L'esame di coscienza di un Paese che ha perso il decoro.

 

Oltre le luci: cosa resta del Natale 2025?

Le luci del Natale 2025 iniziano a spegnersi, lasciando spazio a quel silenzio sospeso che precede la fine dell’anno. Per chi, come il sottoscritto, è cresciuto frequentando i salesiani, questo è il tempo dell’"esame di coscienza". Non una pratica punitiva, ma un esercizio di verità: fermarsi a fine giornata — o a fine ciclo — e chiedersi, con onestà brutale, se di fronte ai problemi del mondo abbiamo fatto la "cosa giusta".

Oggi, però, questo esame di coscienza non può restare confinato nel privato. È impossibile non proiettarlo su chi, per mandato elettorale, siede nelle istituzioni e dovrebbe rappresentare il Popolo con quella "disciplina e onore" solennemente sanciti dall'Articolo 54 della nostra Costituzione.

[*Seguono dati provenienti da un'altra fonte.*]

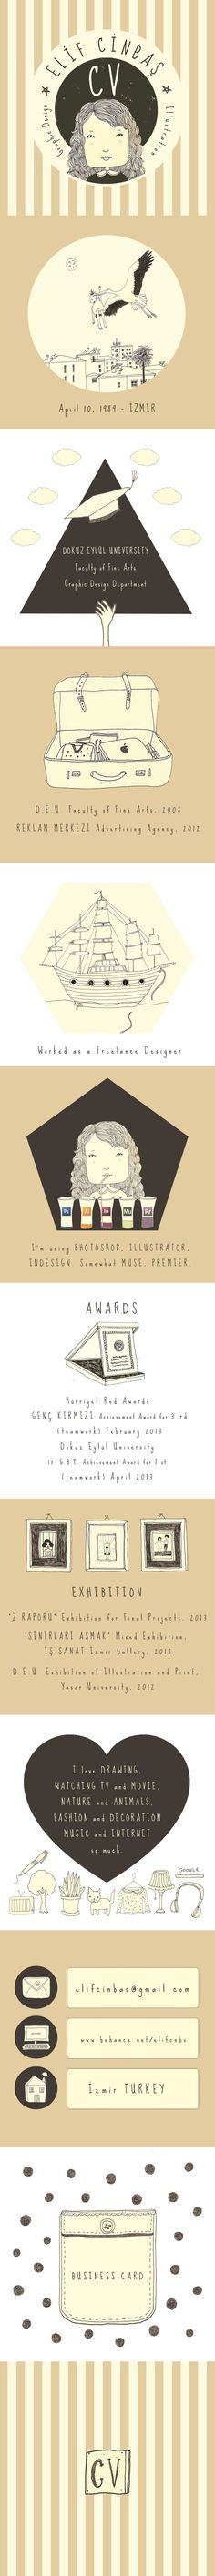 Illustrations of my CV design by elif cinbaş, via Behance

Guardando ai palchi della politica attuale, l’esito di questo esame è amaro. C’è un senso di smarrimento nell’osservare Ministri della Repubblica che, spogliandosi della solennità del loro ruolo, preferiscono saltellare su un palco al grido di "chi non salta comunista è", riducendo il dibattito democratico a un coro da stadio. C’è profonda inquietudine nel sentire una Ministra che inveisce contro una platea di studenti, definendoli "poveri comunisti", dimenticando che un rappresentante delle istituzioni dovrebbe essere il garante anche di chi dissente, specialmente se giovane.

Il decoro delle istituzioni, tuttavia, non è solo una questione di bon ton o di parole. È, prima di tutto, una questione di gestione della cosa pubblica. Come conciliare l'onore del ruolo con le ombre sulla gestione della Cassa Integrazione e delle aziende in crisi? Come ignorare il peso etico di chi, segretario di partito e ministro, porta sulle spalle il macigno di decine di milioni di euro di fondi pubblici dirottati, investiti in pietre preziose anziché restituiti alla Patria?

La democrazia non è solo l’esercizio del voto; è la qualità del comportamento di chi viene eletto. Quando il Governo nega a un Comune come Riace il gemellaggio con Gaza — un gesto di solidarietà umanitaria in un momento di sofferenza globale — sembra quasi voler sbarrare la strada a ogni forma di fratellanza che non rientri nei propri angusti schemi ideologici.

Forse il vero senso di questo Natale 2025, una volta tolte le decorazioni, è proprio questo: riscoprire il valore dell'esame di coscienza collettivo. Chiederci se questo spettacolo di "salti" e insulti sia davvero il riflesso della dignità che meritiamo. Se la risposta è no, allora il compito per l’anno che verrà è chiaro: pretendere che chi ci rappresenta torni a farlo con l'onore che la nostra Storia e la nostra Carta esigono.

Perché se la politica perde la dignità, a restare al buio non sono solo i palazzi del potere, ma l'intera comunità nazionale.